BEGIN

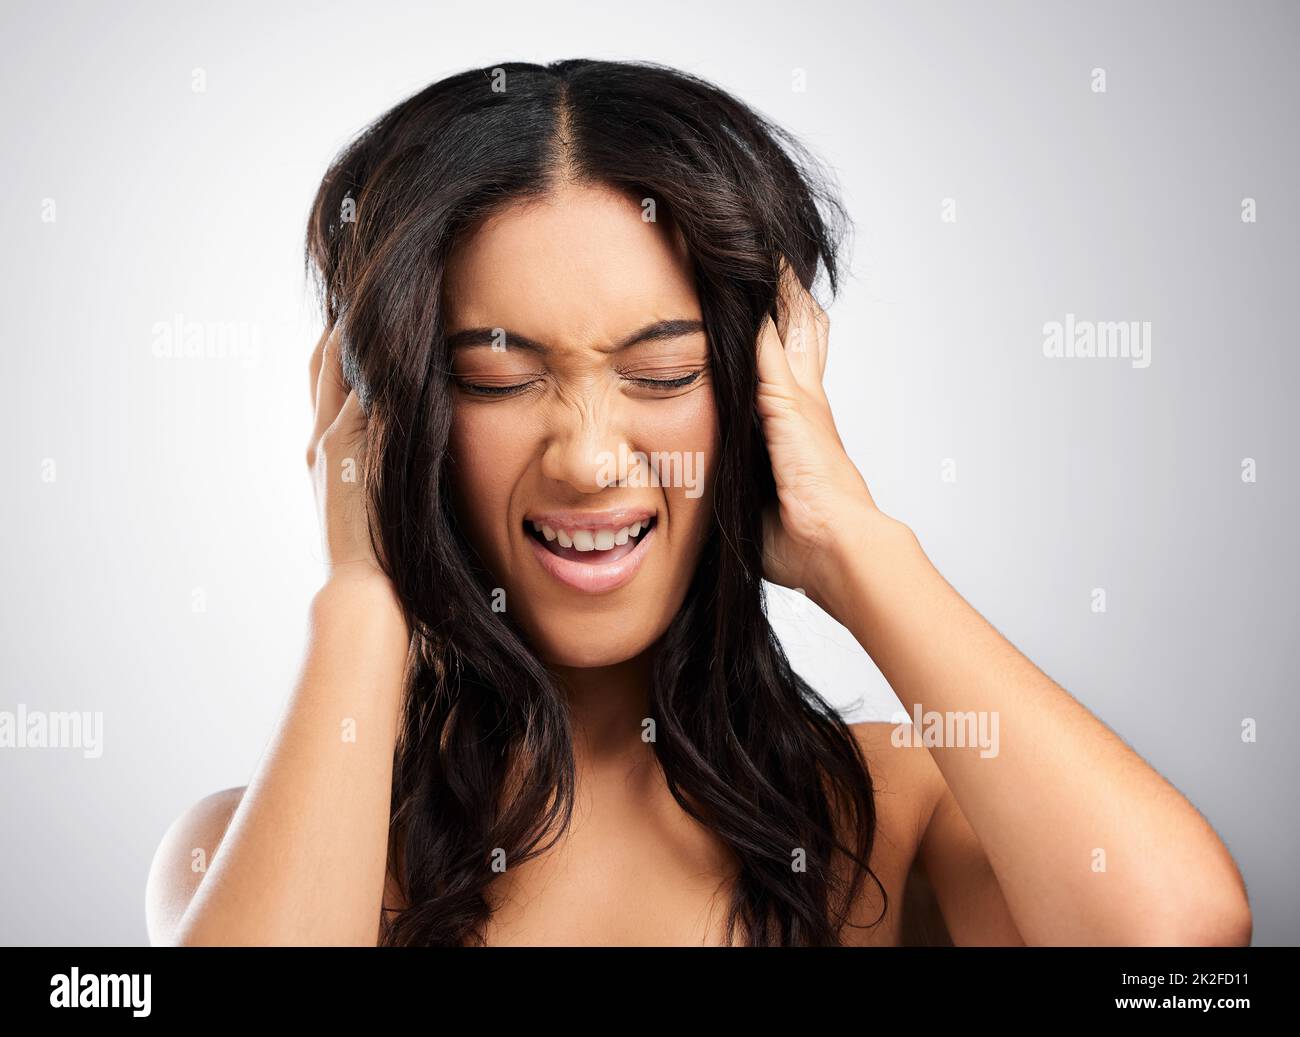 Ceneri pazzi sui capelli. Scatto ritagliato di una giovane donna attraente in posa in studio su uno sfondo grigio. Foto Stock
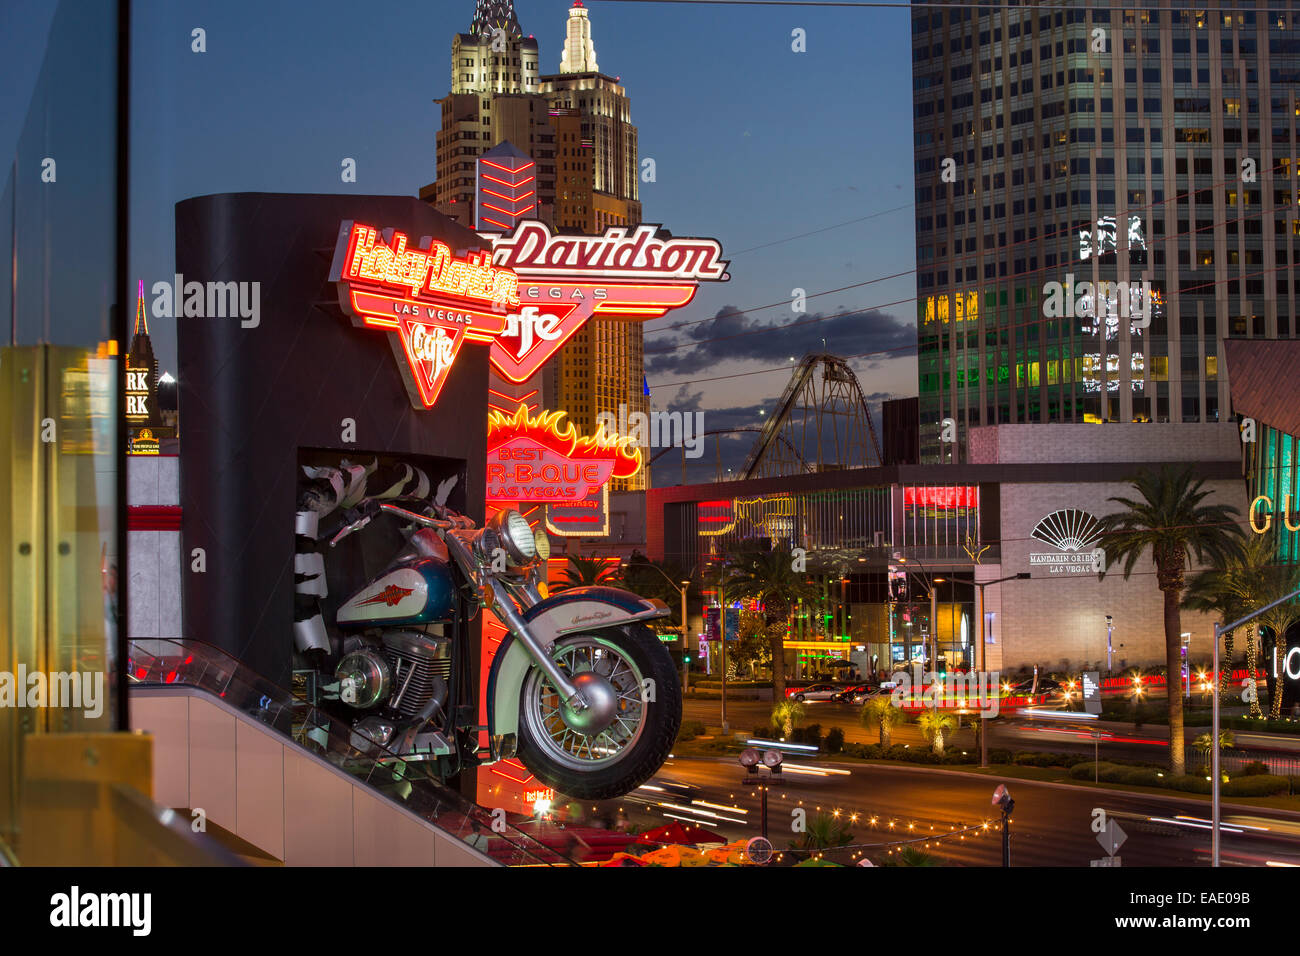 Das Harley Davidson Cafe am Las Vegas Boulevard in der Abenddämmerung, Las Vegas, Nevada, USA, wohl am meisten unhaltbar Stadt der Welt, nutzt es Unmengen von Wasser mitten in der Wüste und große Mengen an Energie an das macht verschwenderischsten der Städte. Stockfoto
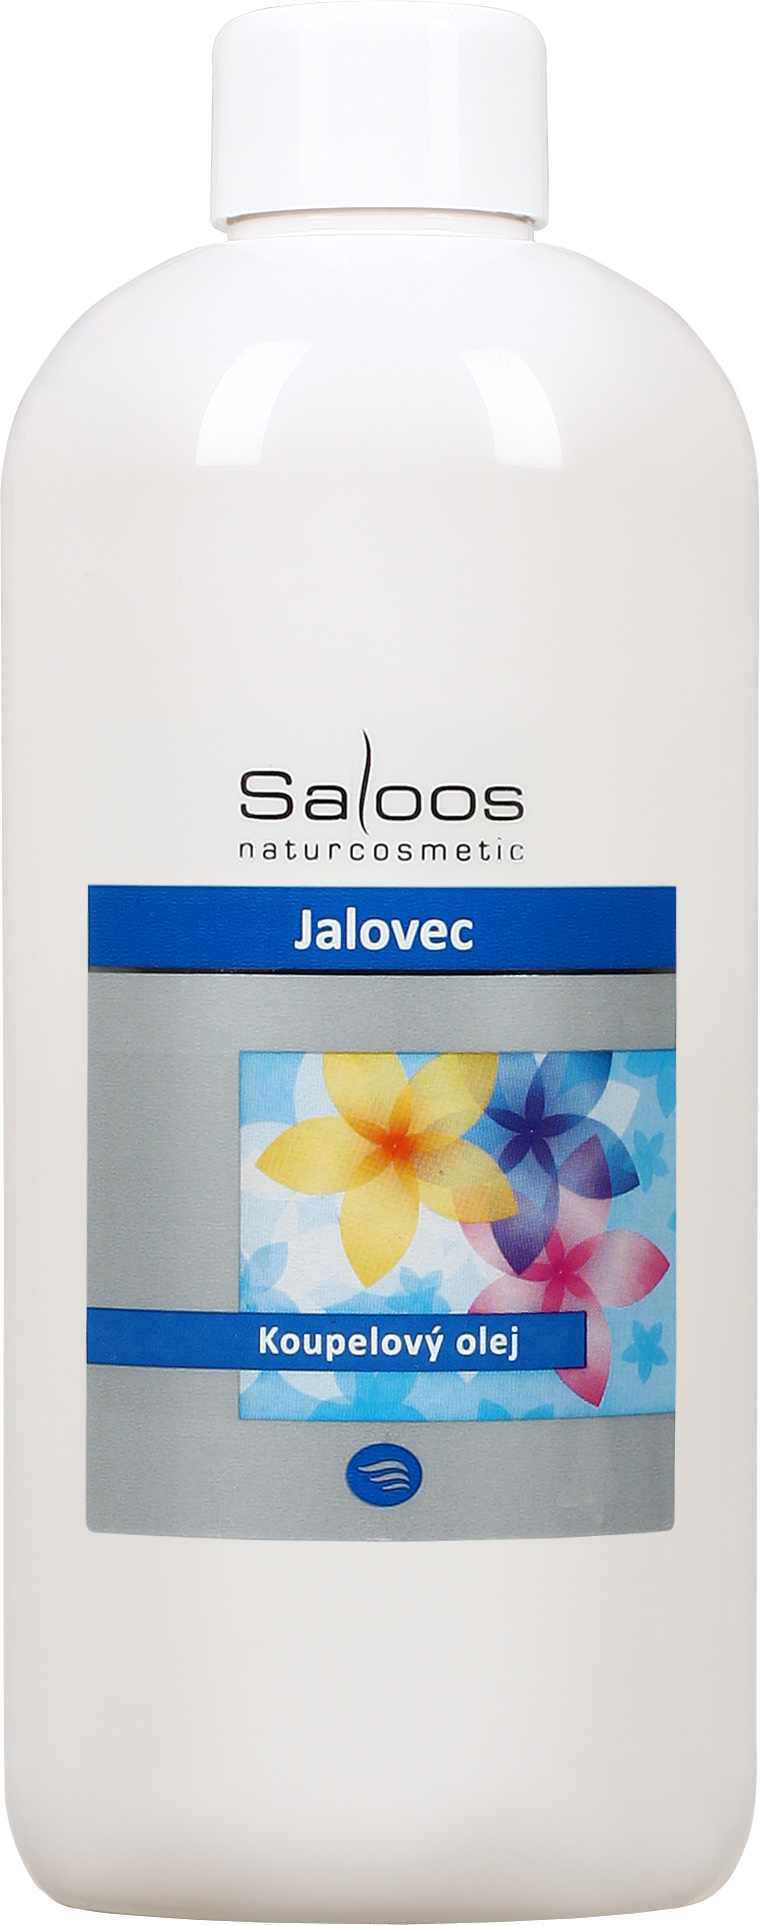 Saloos Jalovec - koupelový olej Balení: 1000 ml
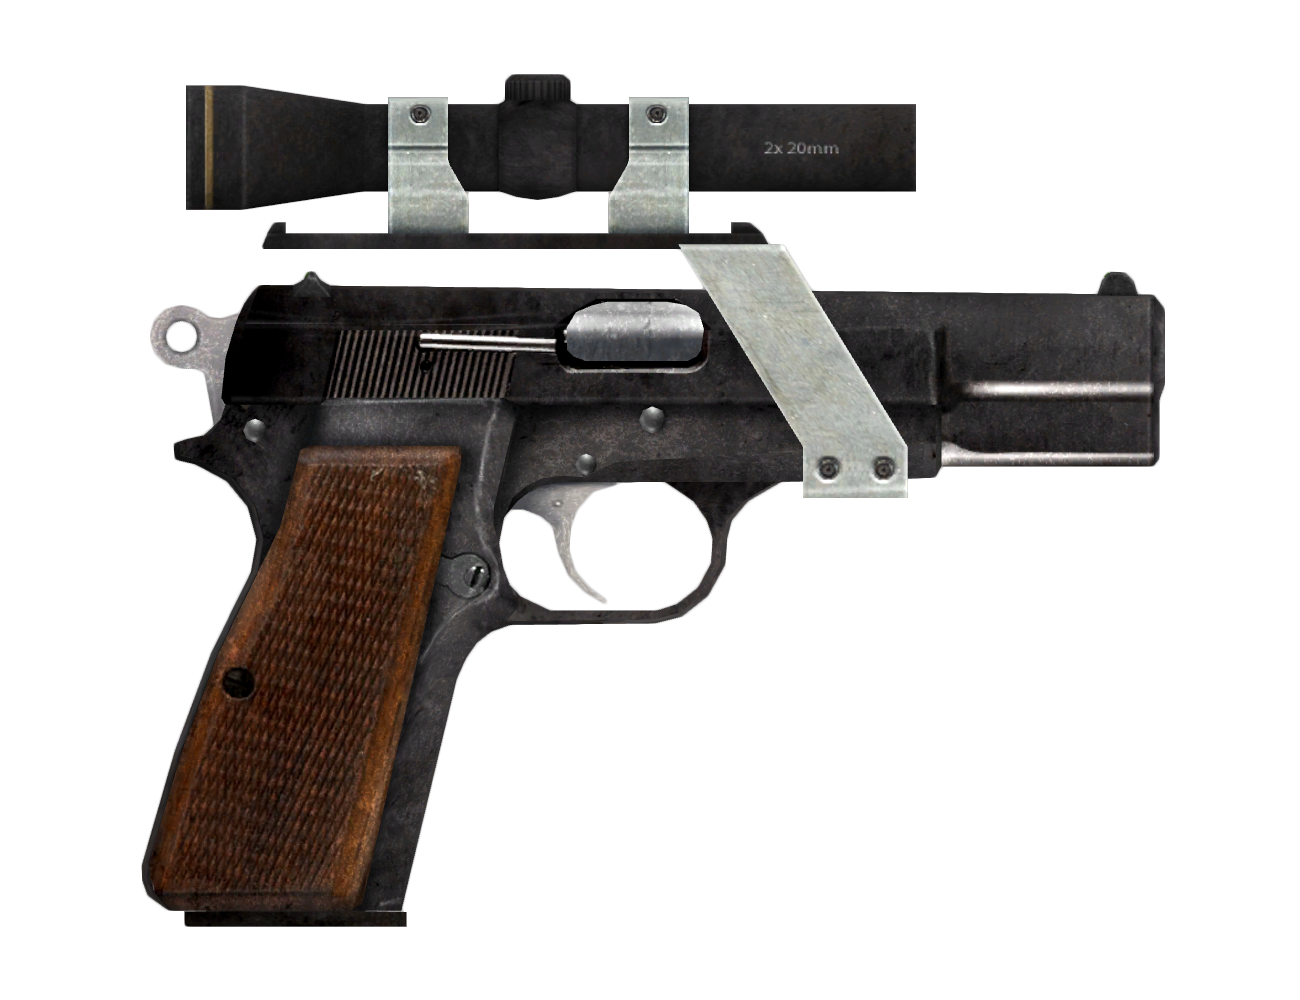 9mm pistol new vegas
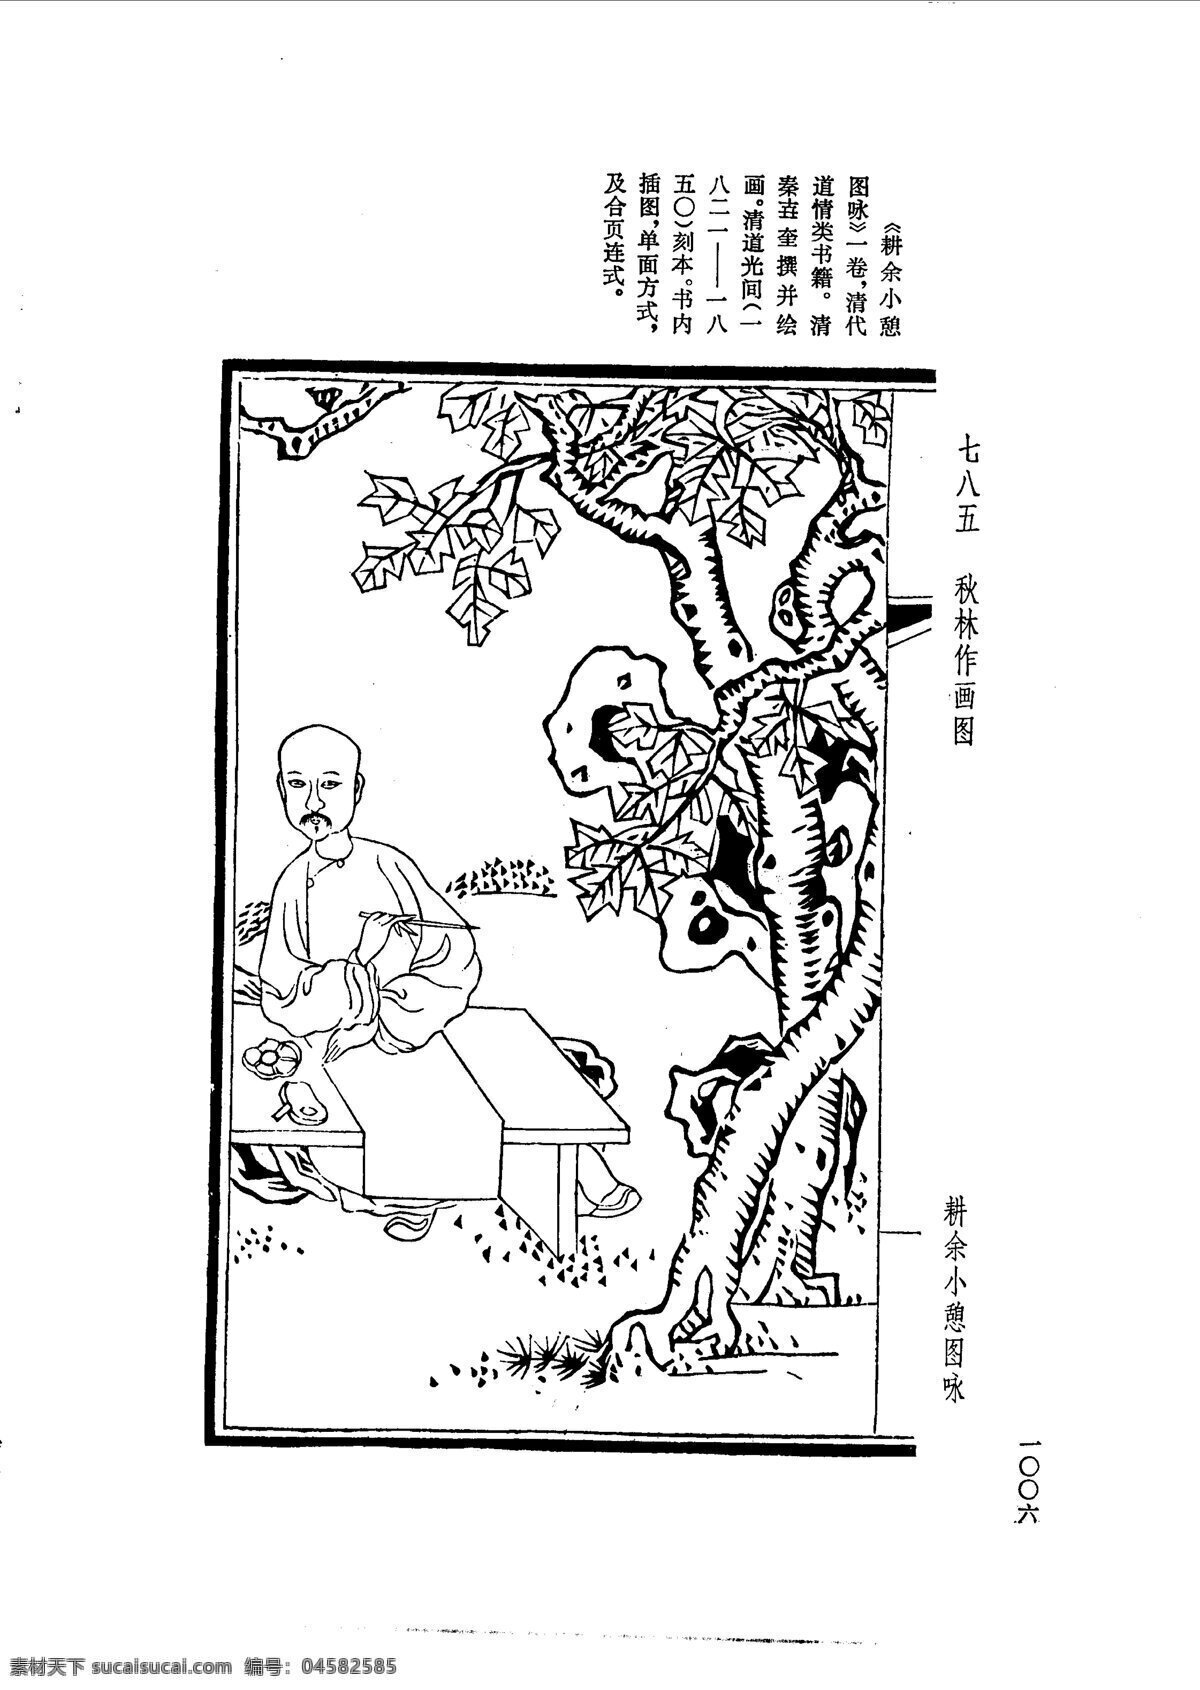 中国 古典文学 版画 选集 上 下册1034 设计素材 版画世界 书画美术 白色

END

▶ [ASSIGNED TASK]
In the copy, include no pictures; everything else in the material should be written out exactly.

▶ [RESULT FOR THIS TASK]
 Ceneri pazzi sui capelli. Scatto ritagliato di una giovane donna attraente in posa in studio su uno sfondo grigio. Foto Stock
 Das Harley Davidson Cafe am Las Vegas Boulevard in der Abenddämmerung, Las Vegas, Nevada, USA, wohl am meisten unhaltbar Stadt der Welt, nutzt es Unmengen von Wasser mitten in der Wüste und große Mengen an Energie an das macht verschwenderischsten der Städte. Stockfoto
 Saloos Jalovec - koupelový olej Balení: 1000 ml
 9mm pistol new vegas
 中国 古典文学 版画 选集 上 下册1034 设计素材 版画世界 书画美术 白色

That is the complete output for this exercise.